(Records supplied)
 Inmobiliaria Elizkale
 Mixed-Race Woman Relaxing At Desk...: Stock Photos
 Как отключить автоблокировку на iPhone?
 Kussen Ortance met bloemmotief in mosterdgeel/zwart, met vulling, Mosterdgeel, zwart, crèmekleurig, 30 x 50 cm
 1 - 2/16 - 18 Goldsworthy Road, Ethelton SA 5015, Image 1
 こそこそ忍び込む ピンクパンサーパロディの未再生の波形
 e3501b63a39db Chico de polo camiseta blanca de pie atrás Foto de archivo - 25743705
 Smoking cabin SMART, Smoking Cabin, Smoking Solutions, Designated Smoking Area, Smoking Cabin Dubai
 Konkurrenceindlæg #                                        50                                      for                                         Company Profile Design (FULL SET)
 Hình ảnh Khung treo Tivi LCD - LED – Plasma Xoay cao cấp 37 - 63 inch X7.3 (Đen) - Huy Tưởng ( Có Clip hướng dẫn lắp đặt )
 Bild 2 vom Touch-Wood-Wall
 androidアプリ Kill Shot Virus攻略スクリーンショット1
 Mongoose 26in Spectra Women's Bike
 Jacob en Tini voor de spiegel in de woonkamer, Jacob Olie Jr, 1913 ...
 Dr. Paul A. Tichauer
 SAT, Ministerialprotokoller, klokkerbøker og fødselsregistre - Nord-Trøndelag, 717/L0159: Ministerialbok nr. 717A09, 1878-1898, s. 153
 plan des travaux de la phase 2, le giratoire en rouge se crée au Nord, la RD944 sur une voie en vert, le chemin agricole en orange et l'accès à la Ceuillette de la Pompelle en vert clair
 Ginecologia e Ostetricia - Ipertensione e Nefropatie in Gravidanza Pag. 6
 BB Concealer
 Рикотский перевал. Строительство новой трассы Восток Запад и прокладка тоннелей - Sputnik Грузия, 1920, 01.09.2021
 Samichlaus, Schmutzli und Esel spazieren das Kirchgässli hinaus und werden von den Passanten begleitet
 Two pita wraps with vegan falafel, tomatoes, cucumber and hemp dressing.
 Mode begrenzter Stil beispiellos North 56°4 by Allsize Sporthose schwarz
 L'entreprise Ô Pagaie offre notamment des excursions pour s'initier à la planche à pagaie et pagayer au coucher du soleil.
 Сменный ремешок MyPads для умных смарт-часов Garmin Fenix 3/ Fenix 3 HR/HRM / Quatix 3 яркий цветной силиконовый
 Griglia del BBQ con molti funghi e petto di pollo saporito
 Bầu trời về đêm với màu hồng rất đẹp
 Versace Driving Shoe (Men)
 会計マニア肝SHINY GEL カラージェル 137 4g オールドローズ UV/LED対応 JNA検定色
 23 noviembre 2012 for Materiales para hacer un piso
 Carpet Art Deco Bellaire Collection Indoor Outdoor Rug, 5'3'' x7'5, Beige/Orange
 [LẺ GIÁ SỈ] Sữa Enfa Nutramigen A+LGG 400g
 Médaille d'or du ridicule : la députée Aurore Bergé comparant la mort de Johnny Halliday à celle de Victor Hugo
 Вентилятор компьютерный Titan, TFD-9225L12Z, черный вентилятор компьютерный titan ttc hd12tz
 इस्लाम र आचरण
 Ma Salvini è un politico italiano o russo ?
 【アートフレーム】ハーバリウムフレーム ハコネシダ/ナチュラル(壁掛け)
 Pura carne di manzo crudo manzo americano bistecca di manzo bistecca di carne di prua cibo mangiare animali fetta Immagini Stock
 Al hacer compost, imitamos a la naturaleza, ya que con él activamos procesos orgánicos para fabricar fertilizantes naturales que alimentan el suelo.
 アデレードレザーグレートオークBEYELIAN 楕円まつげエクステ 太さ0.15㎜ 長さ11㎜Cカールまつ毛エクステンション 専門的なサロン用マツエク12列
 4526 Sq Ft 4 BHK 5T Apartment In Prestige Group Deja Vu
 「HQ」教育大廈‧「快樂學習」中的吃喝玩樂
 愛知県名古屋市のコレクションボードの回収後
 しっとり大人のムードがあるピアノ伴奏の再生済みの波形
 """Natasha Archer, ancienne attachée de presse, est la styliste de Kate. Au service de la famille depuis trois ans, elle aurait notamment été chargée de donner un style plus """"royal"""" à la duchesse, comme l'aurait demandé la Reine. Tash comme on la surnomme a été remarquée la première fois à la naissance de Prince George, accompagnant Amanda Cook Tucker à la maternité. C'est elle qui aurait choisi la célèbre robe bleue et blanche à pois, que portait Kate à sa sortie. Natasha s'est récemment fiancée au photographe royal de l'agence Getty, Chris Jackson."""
(End Records supplied)
** Problem to solve **
Take the entries above and return only the lines from the one with "Как отключить автоблокировку на iPhone?" to the one with "Mode begrenzter Stil", both included, unchanged.

** Written solution **
 Как отключить автоблокировку на iPhone?
 Kussen Ortance met bloemmotief in mosterdgeel/zwart, met vulling, Mosterdgeel, zwart, crèmekleurig, 30 x 50 cm
 1 - 2/16 - 18 Goldsworthy Road, Ethelton SA 5015, Image 1
 こそこそ忍び込む ピンクパンサーパロディの未再生の波形
 e3501b63a39db Chico de polo camiseta blanca de pie atrás Foto de archivo - 25743705
 Smoking cabin SMART, Smoking Cabin, Smoking Solutions, Designated Smoking Area, Smoking Cabin Dubai
 Konkurrenceindlæg #                                        50                                      for                                         Company Profile Design (FULL SET)
 Hình ảnh Khung treo Tivi LCD - LED – Plasma Xoay cao cấp 37 - 63 inch X7.3 (Đen) - Huy Tưởng ( Có Clip hướng dẫn lắp đặt )
 Bild 2 vom Touch-Wood-Wall
 androidアプリ Kill Shot Virus攻略スクリーンショット1
 Mongoose 26in Spectra Women's Bike
 Jacob en Tini voor de spiegel in de woonkamer, Jacob Olie Jr, 1913 ...
 Dr. Paul A. Tichauer
 SAT, Ministerialprotokoller, klokkerbøker og fødselsregistre - Nord-Trøndelag, 717/L0159: Ministerialbok nr. 717A09, 1878-1898, s. 153
 plan des travaux de la phase 2, le giratoire en rouge se crée au Nord, la RD944 sur une voie en vert, le chemin agricole en orange et l'accès à la Ceuillette de la Pompelle en vert clair
 Ginecologia e Ostetricia - Ipertensione e Nefropatie in Gravidanza Pag. 6
 BB Concealer
 Рикотский перевал. Строительство новой трассы Восток Запад и прокладка тоннелей - Sputnik Грузия, 1920, 01.09.2021
 Samichlaus, Schmutzli und Esel spazieren das Kirchgässli hinaus und werden von den Passanten begleitet
 Two pita wraps with vegan falafel, tomatoes, cucumber and hemp dressing.
 Mode begrenzter Stil beispiellos North 56°4 by Allsize Sporthose schwarz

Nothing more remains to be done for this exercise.